# INSTRUCTIONS FOR THE TASK
Would you transcribe the records below from the line with "Petite Friture Week-End" to the line with "La collection week-end", ends included, exactly and with nothing more, leaving the pictures out?

# DATA SUPPLIED
---------------

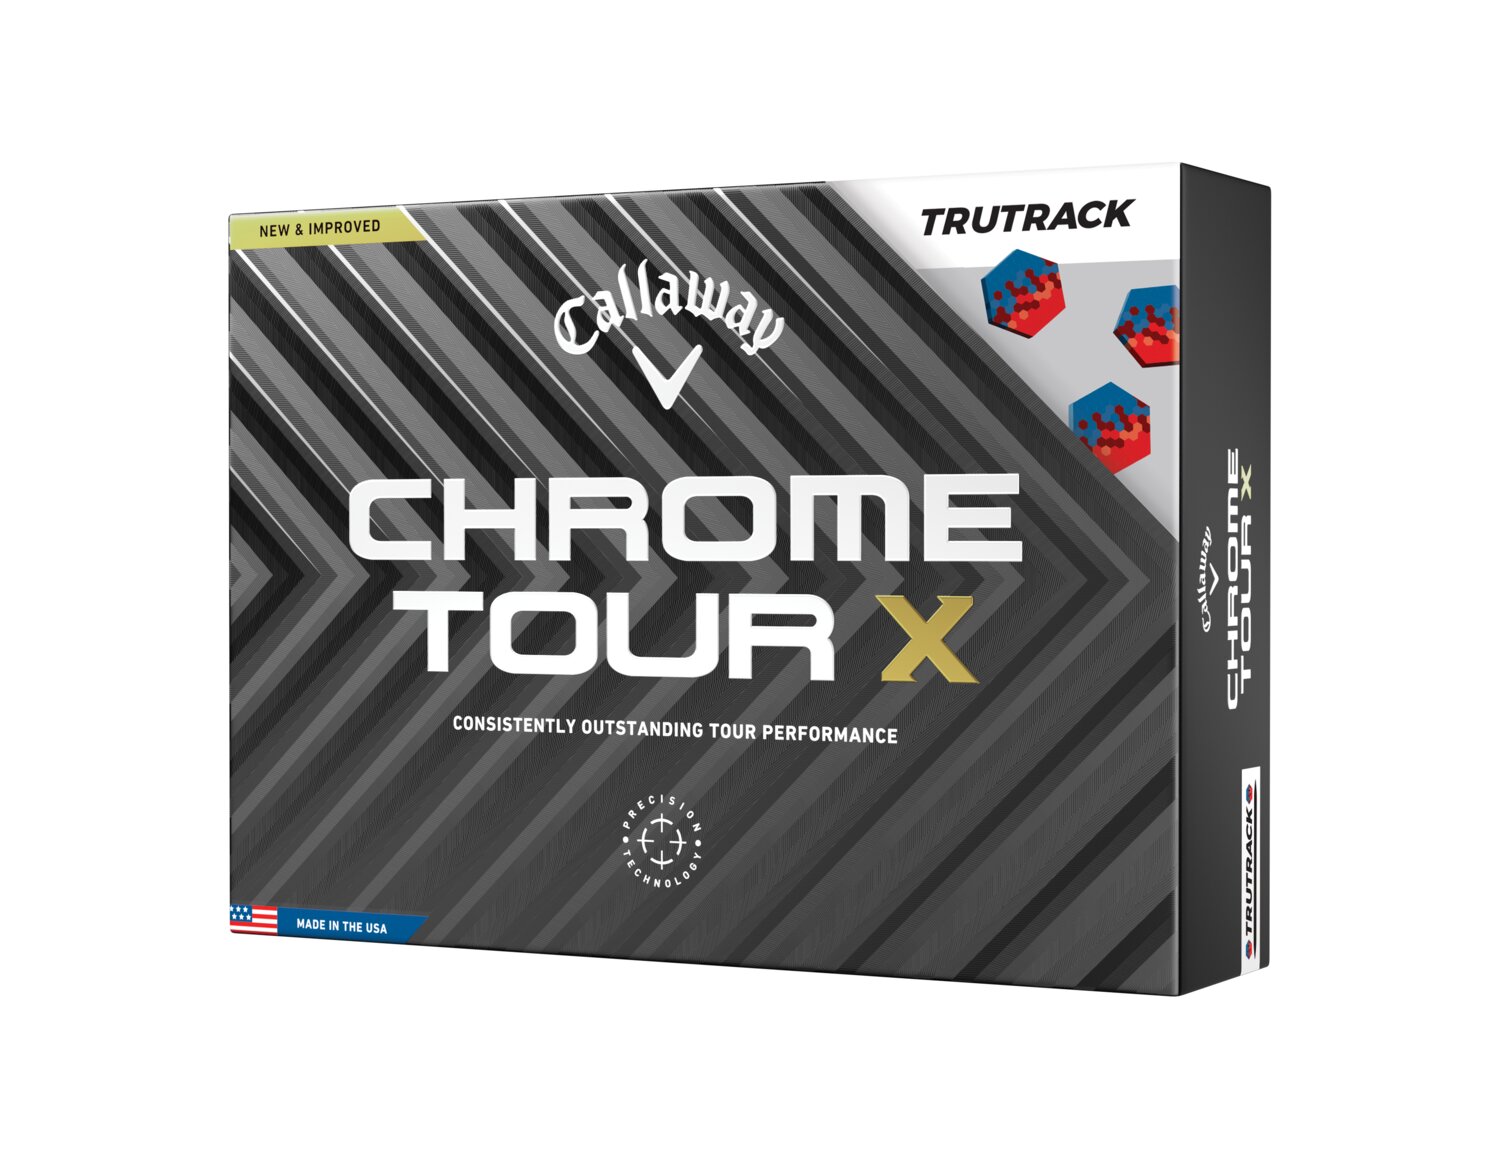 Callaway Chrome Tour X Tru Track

---------------

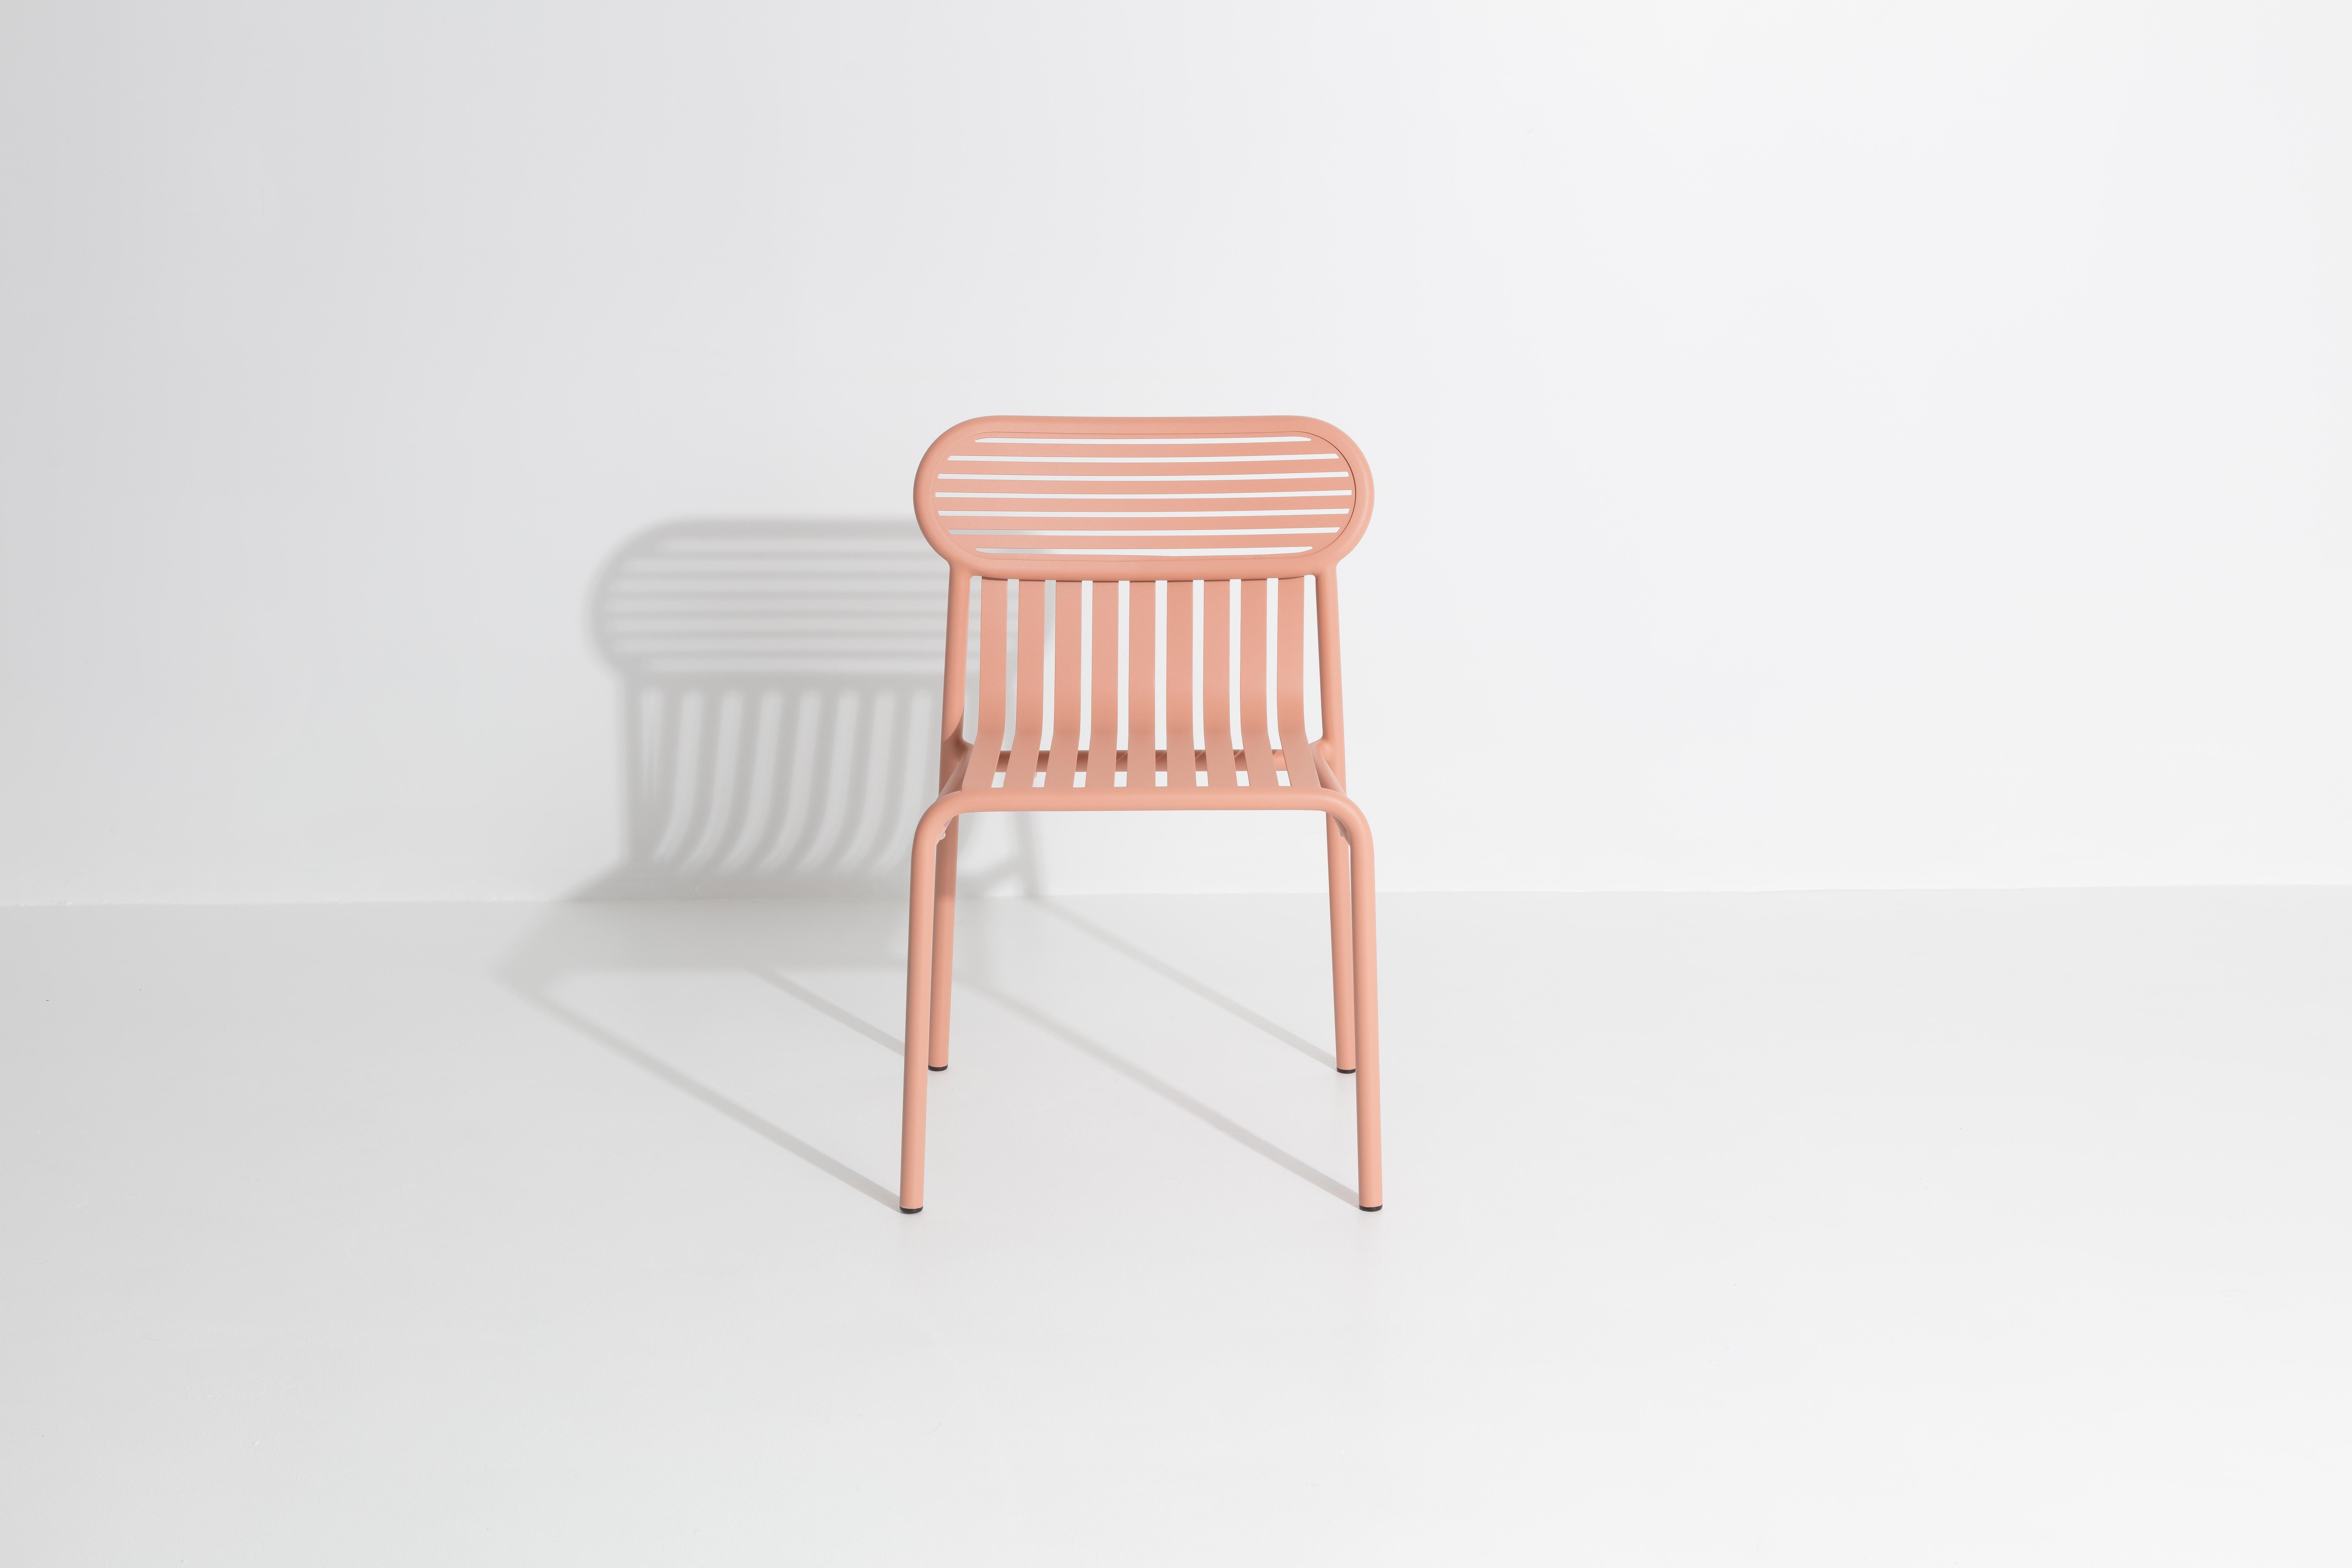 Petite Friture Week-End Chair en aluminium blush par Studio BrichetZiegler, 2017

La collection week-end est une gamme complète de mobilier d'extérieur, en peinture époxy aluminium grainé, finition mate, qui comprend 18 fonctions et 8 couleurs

---------------

# EXPECTED ANSWER
 Petite Friture Week-End Chair en aluminium blush par Studio BrichetZiegler, 2017

La collection week-end est une gamme complète de mobilier d'extérieur, en peinture époxy aluminium grainé, finition mate, qui comprend 18 fonctions et 8 couleurs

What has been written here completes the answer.